NASA People

Center Snapshot: Chris Belcastro
Chris Belcastro. Image above: Chris Belcastro is active in outreach, seeking out high school students who could some day become engineers. Credit: NASA/Sean Smith

Jim Hodges

Chris Belcastro still finds it difficult to use "I."

"We lived together," she said of identical twin sister Celeste. "We bounced ideas off of each other daily, and we were very cognizant of what we were doing and collaborated on a number of things."

When she accepted the Peninsula Engineers Council Engineer of the Year Award on Saturday night, Chris did so on behalf of herself and Celeste, who passed away two years ago because of cancer.

It was more than fair. "Not everything, but much of what we contributed here at NASA was a joint contribution," she said.

They pursued careers as engineers together after they learned what engineering involved. It was somewhat difficult to learn about engineering in their youth.

"Back in 1969, during the moon landing of Apollo 11, Celeste and I were totally in awe of that," Chris said. "They told us on the news how to set your camera to take pictures of the moon landing off the TV. We didn't know anything about cameras.

"We got a camera of our father's. We had somebody set it up for us, and followed the instructions and we got some very good pictures off the TV."

Those pictures and the memories made it difficult to comprehend engineering in their youth.

"The entire time, and I'll never forget it actually, when you saw mission control, it was all white men sitting in there," Belcastro said. "I'm not being critical, but it never entered our minds, either of us, that we could take part, we could grow up and study engineering and become members of the NASA team."

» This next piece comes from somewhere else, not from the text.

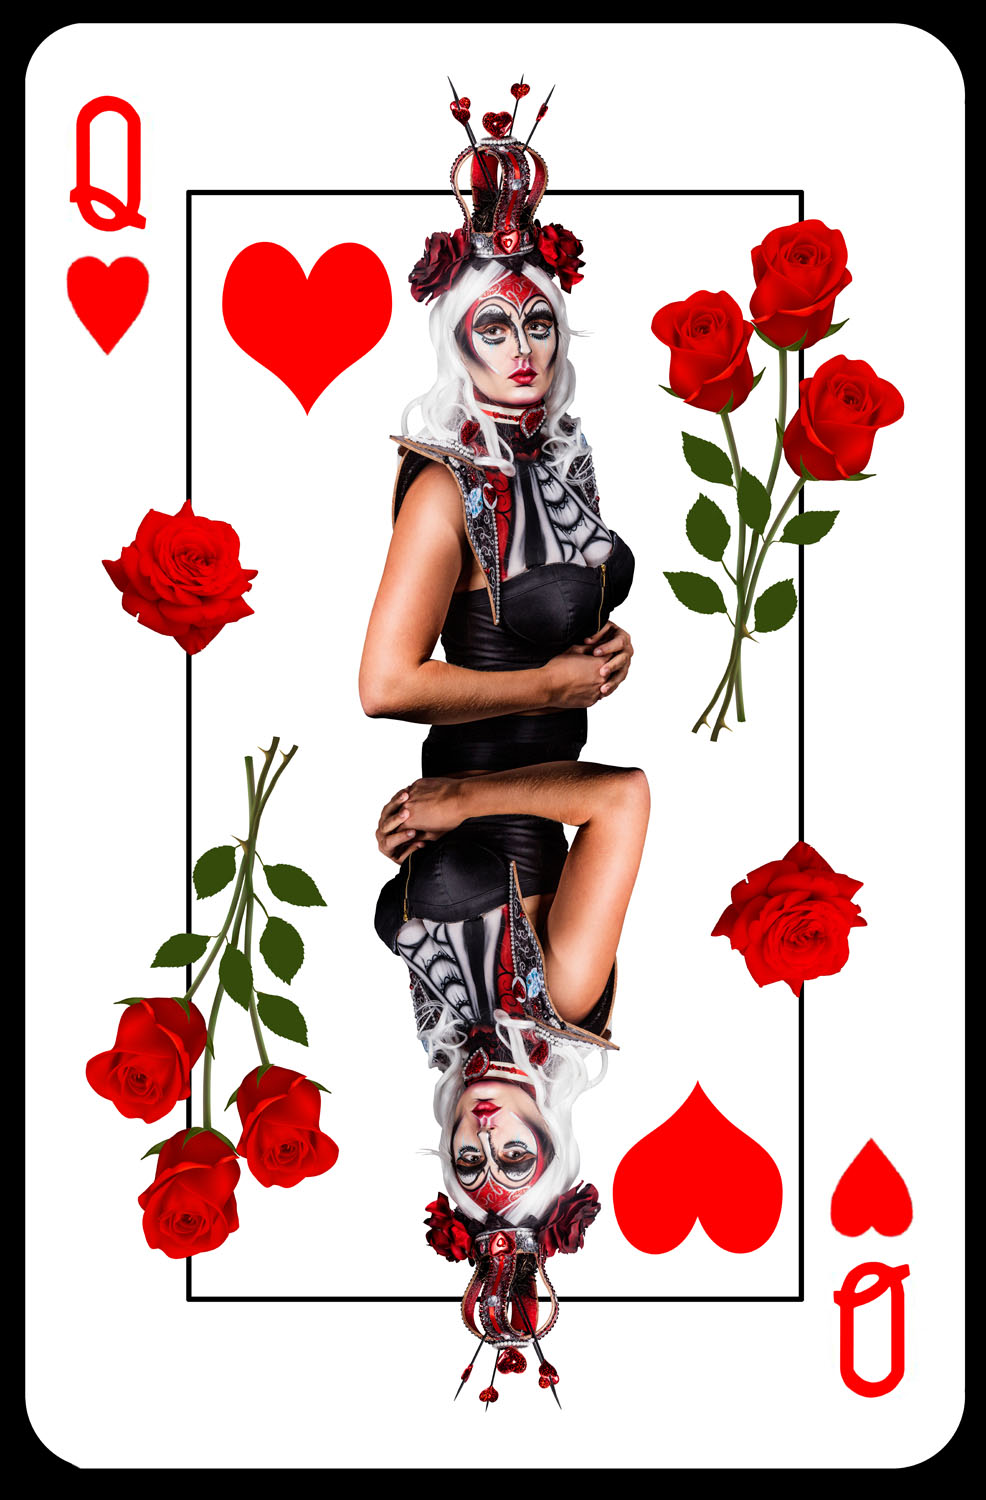 Queen of Hearts card_FINAL_V2.jpg

It's a reason that she is active in outreach. A week after delivering a speech on her specialty, controls as a part of aircraft safety, to engineers in Stockholm, she spoke about engineering as a career to high school students in the Reid Conference Center.

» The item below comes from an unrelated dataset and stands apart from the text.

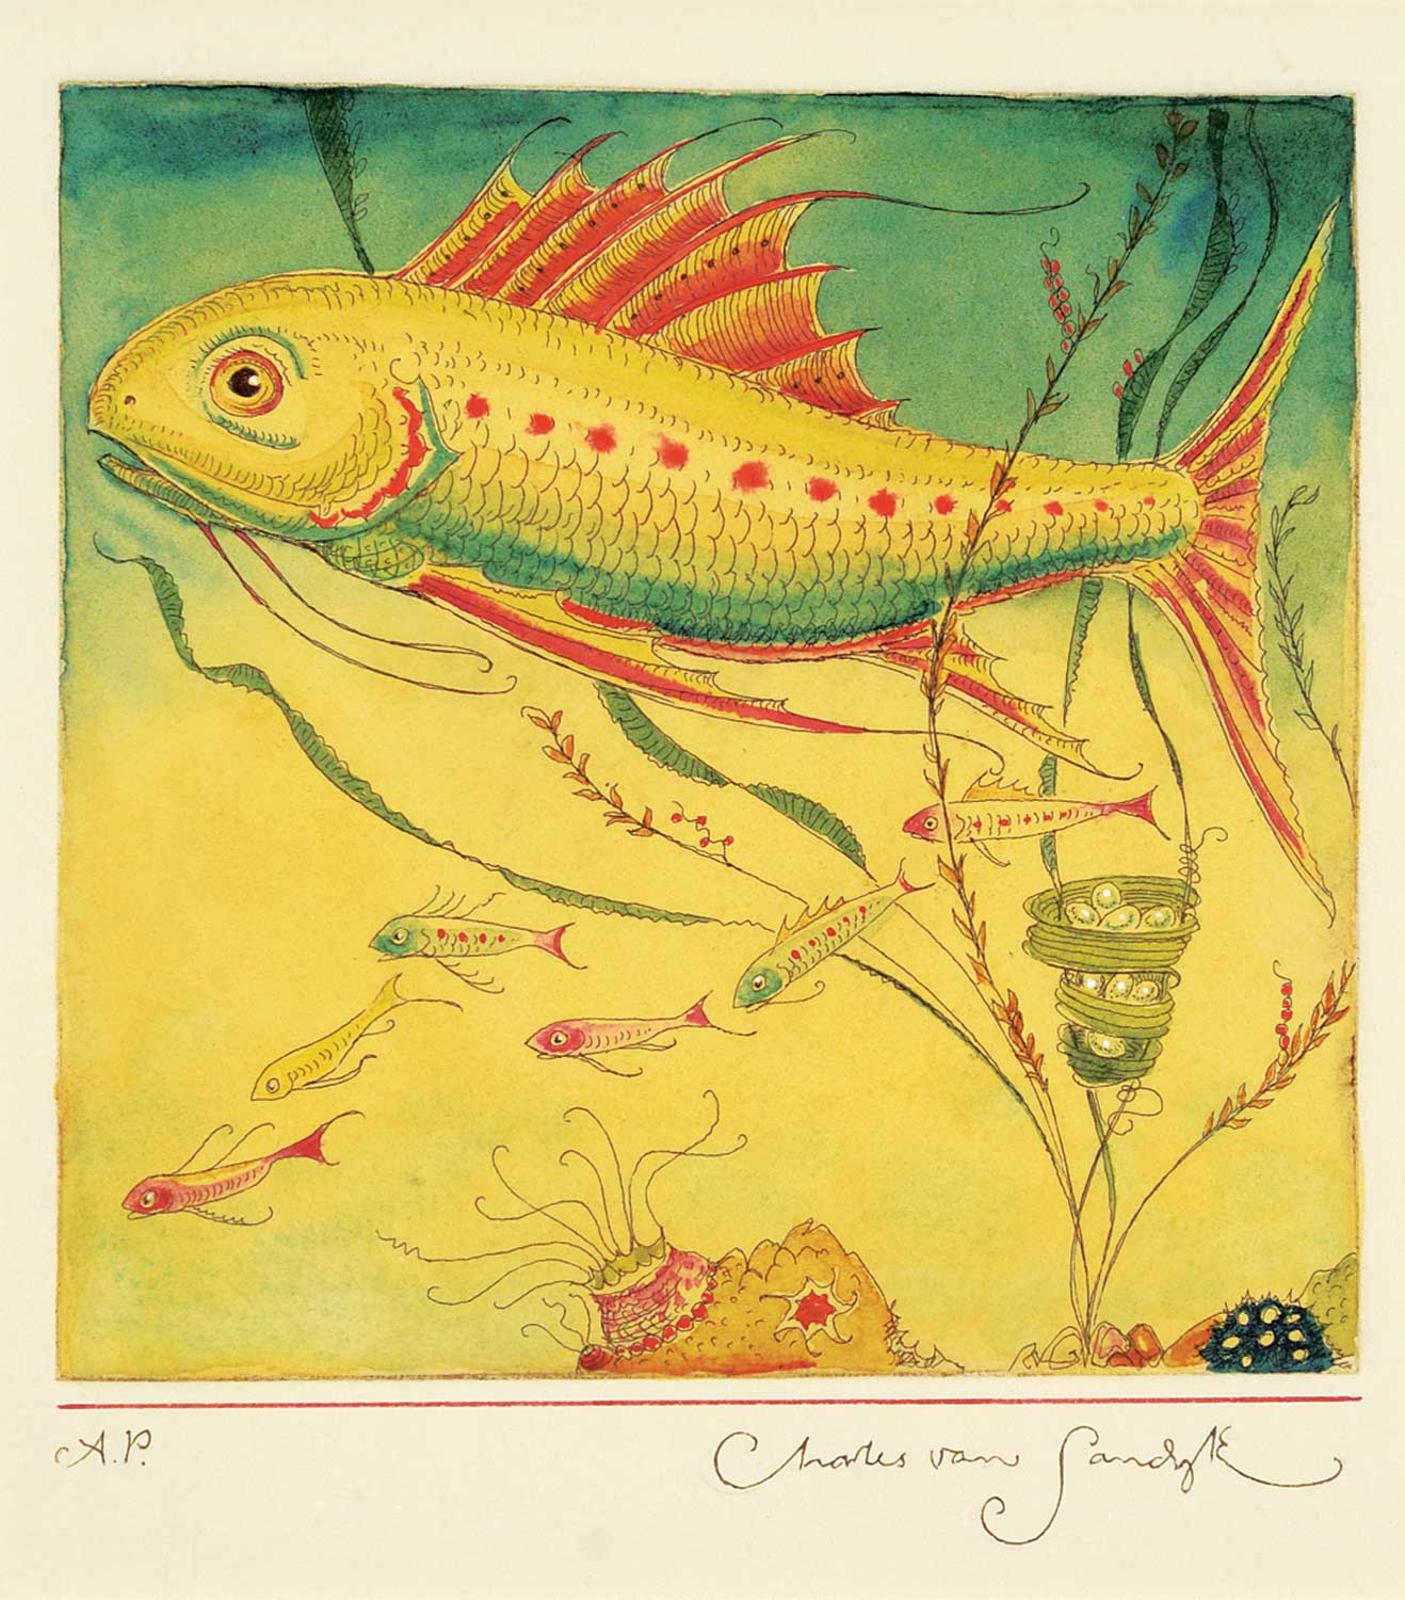 Charles van Sandwyk (1966) - Three Generations [Fish, Egg and Fry]  #A.P.

After doing everything together for 18 years, the twins were at loose ends after high school, and were being pressured by peers to pursue different identities through different careers. Chris looked into being an electrical engineer technician through apprentice schools at NASA Langley and Newport News Shipbuilding, largely because the twins played electric guitars and were into the technology of music.

A counselor at Thomas Nelson Community College evaluated her high school transcript, saw her success in math and science classes and prodded her to pursue a career in engineering.

Celeste was at Old Dominion University, studying science with a plan to follow in their father's footsteps as a pharmacist.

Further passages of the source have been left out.